Supplied material
***
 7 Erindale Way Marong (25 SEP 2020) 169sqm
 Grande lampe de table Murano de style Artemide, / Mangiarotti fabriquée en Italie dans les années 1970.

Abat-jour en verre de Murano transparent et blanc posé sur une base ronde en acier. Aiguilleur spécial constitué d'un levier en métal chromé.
***
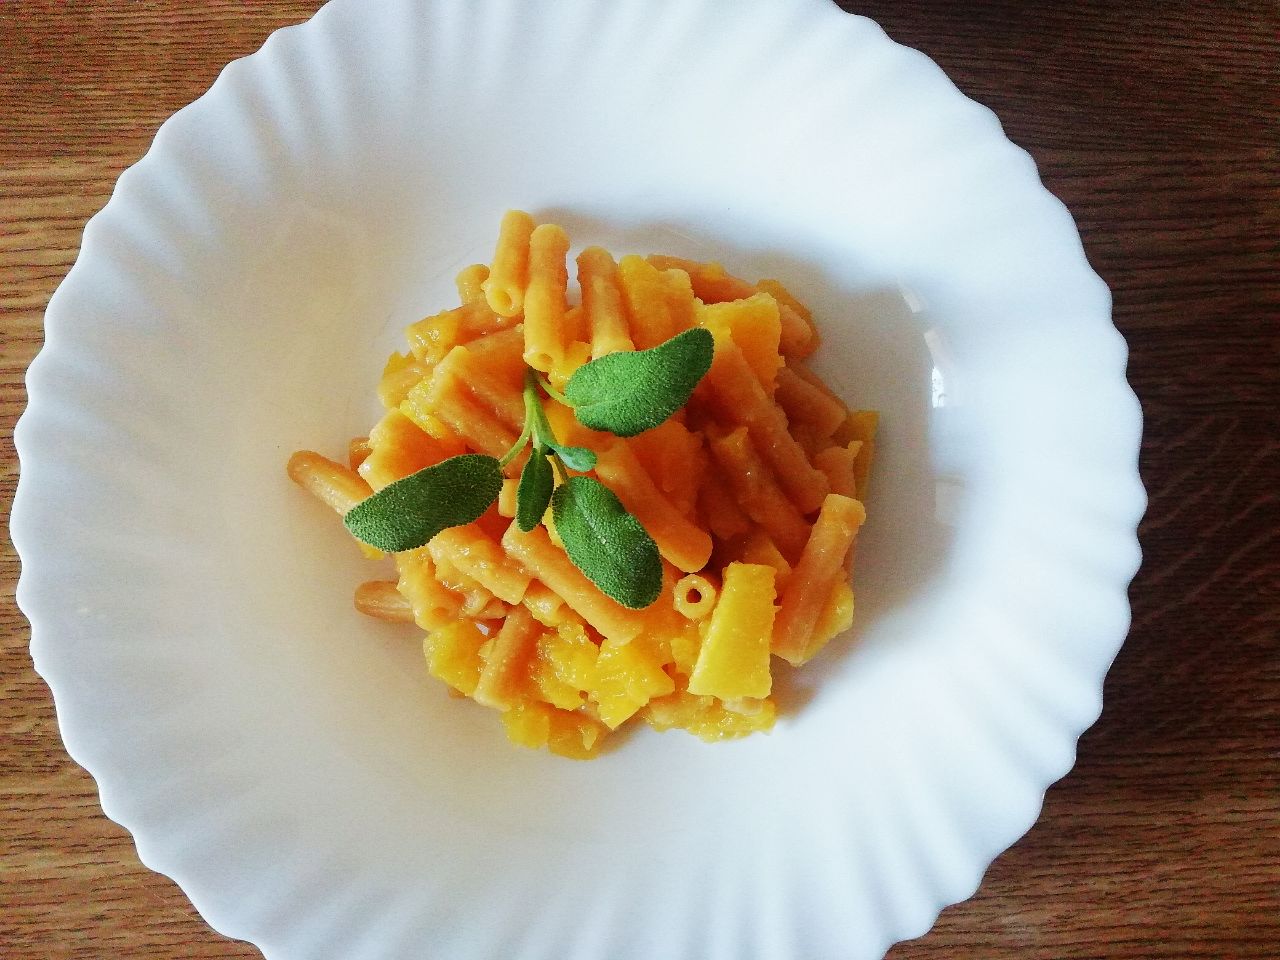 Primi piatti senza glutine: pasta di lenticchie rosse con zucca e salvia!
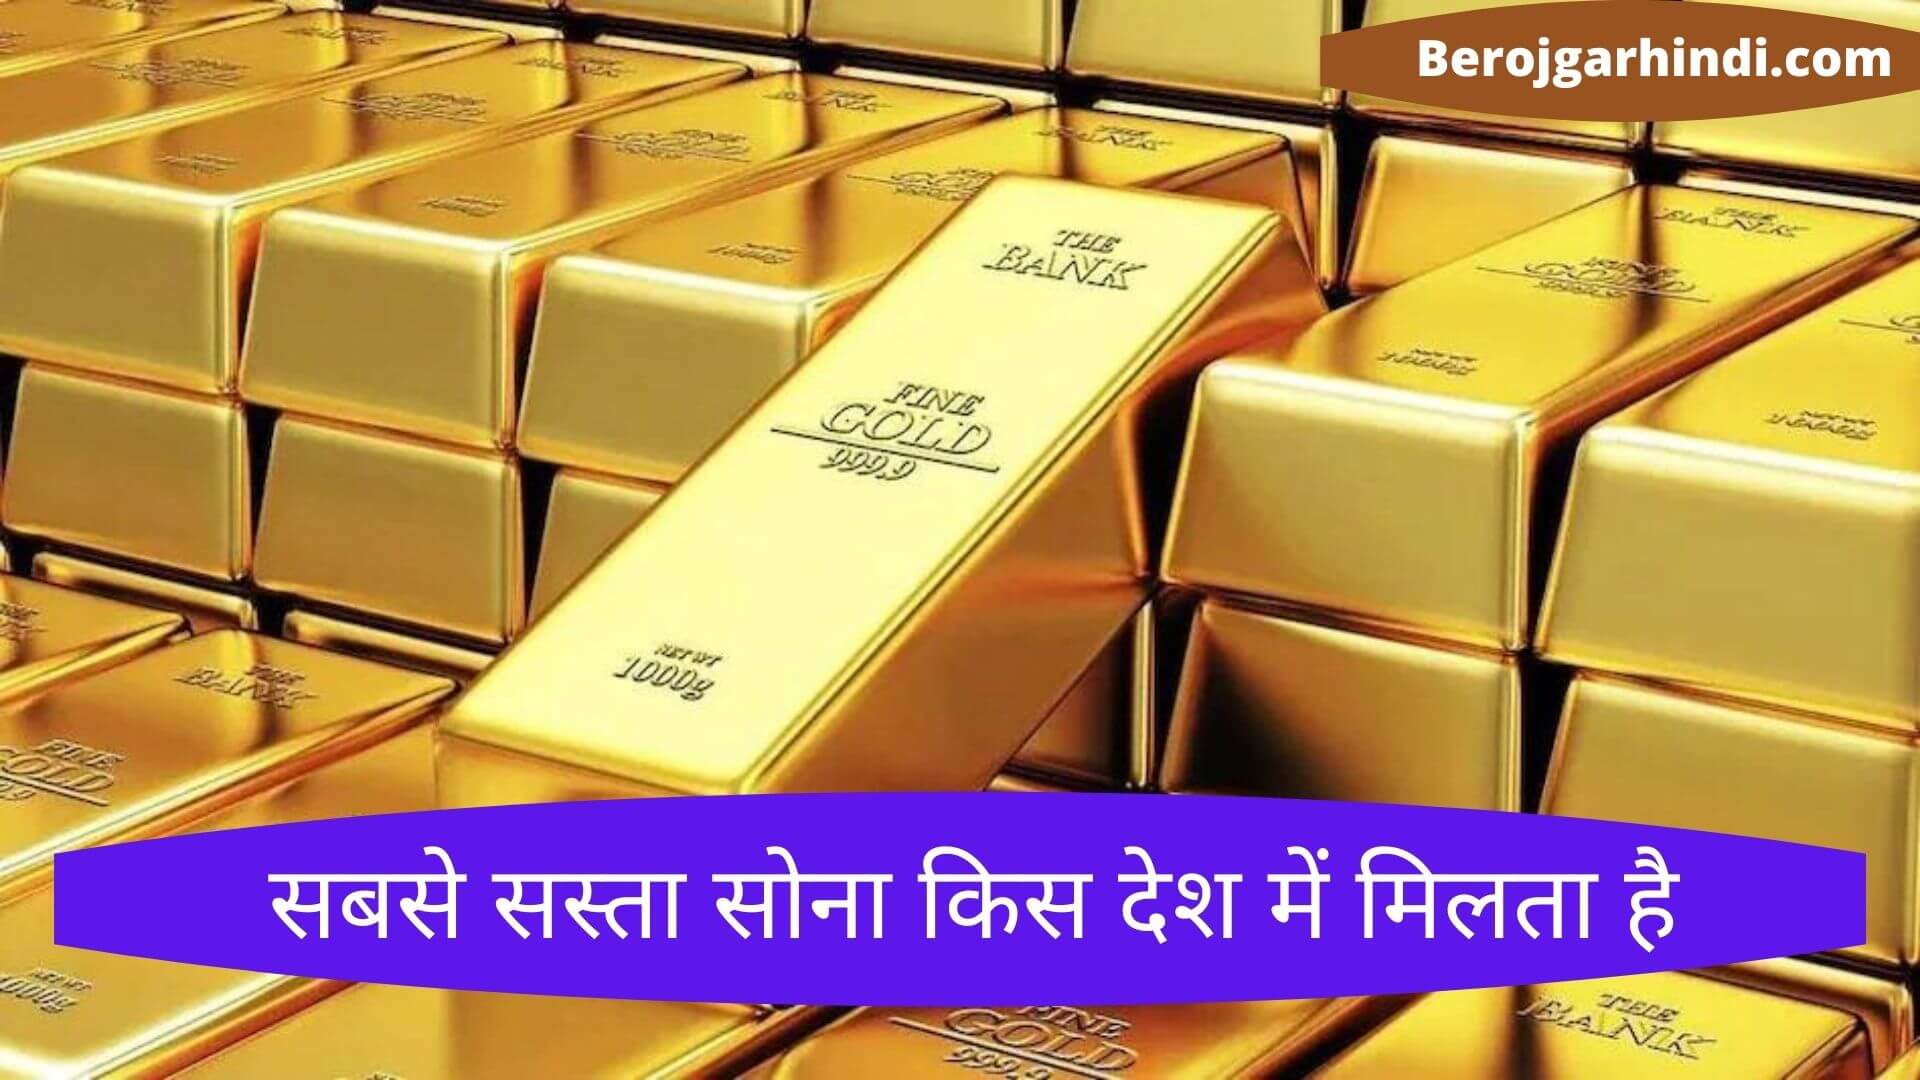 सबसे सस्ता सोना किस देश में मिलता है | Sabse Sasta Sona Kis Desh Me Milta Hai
***
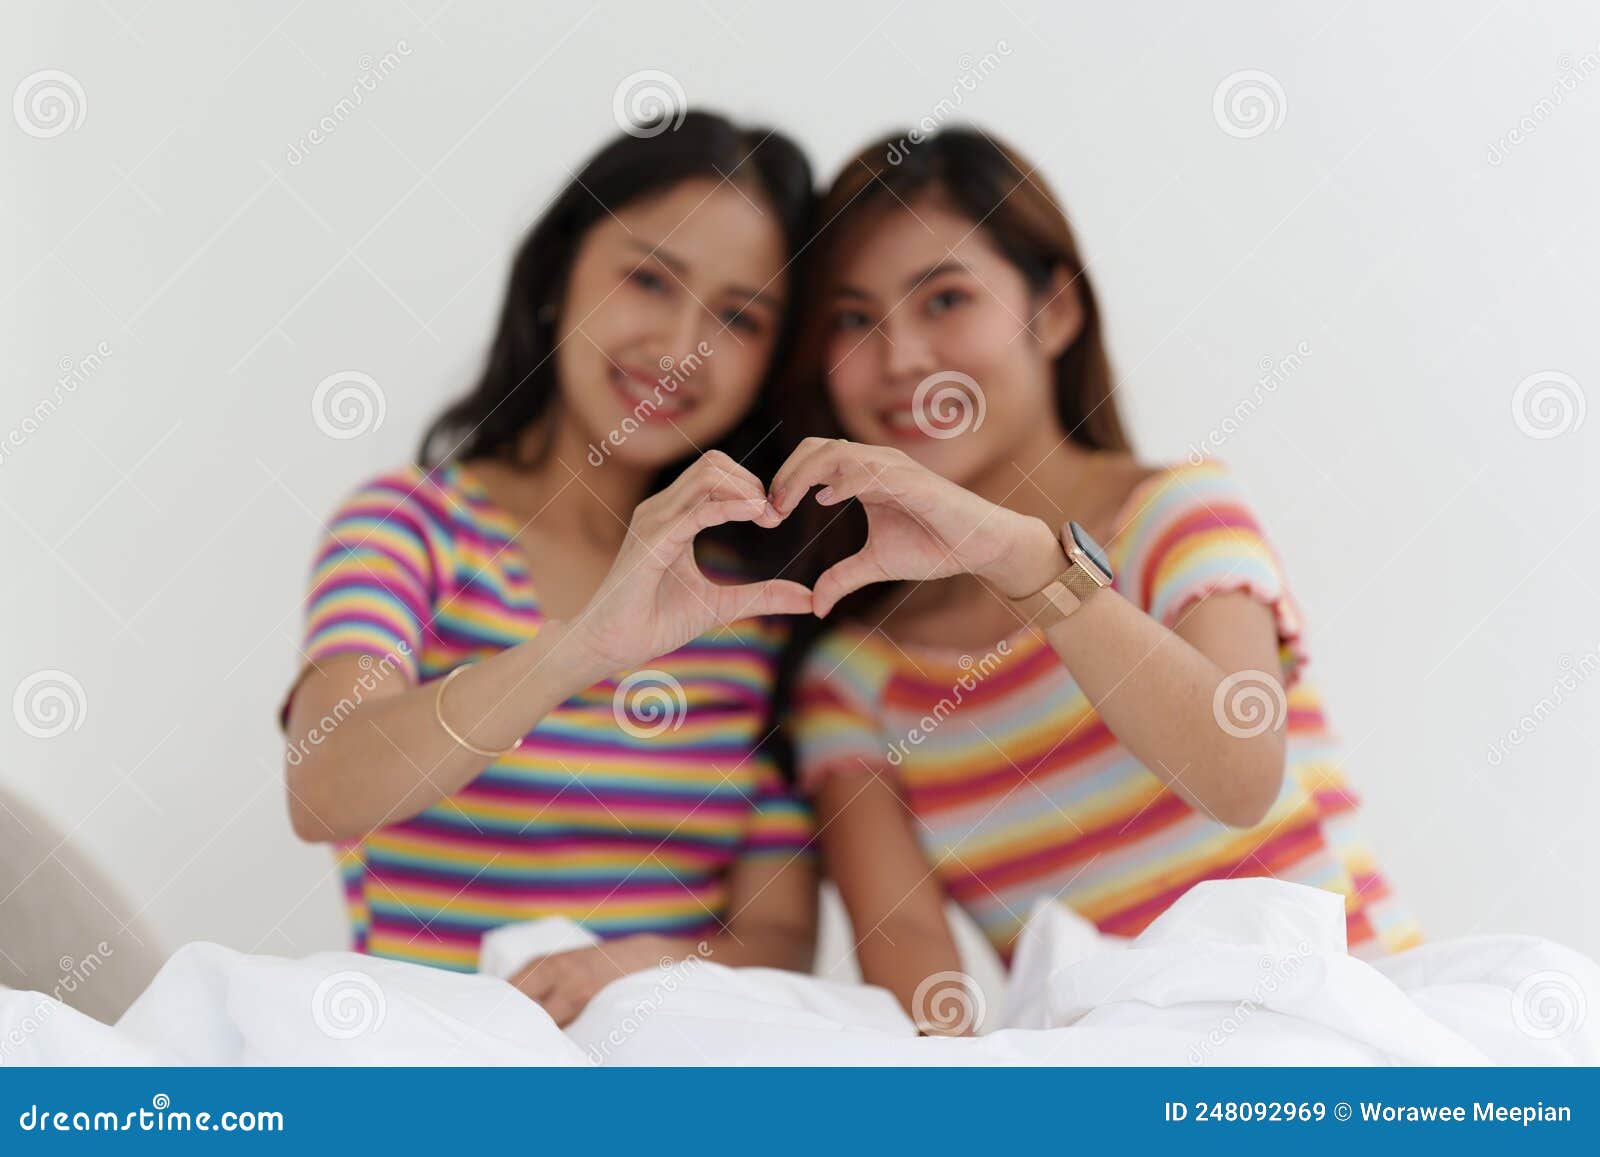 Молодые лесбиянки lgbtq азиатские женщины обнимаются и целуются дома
***
What the exercise asks
The expected answer holds each line from the listing above where the string "Murano" is present.

Task output
 Grande lampe de table Murano de style Artemide, / Mangiarotti fabriquée en Italie dans les années 1970.
Abat-jour en verre de Murano transparent et blanc posé sur une base ronde en acier. Aiguilleur spécial constitué d'un levier en métal chromé.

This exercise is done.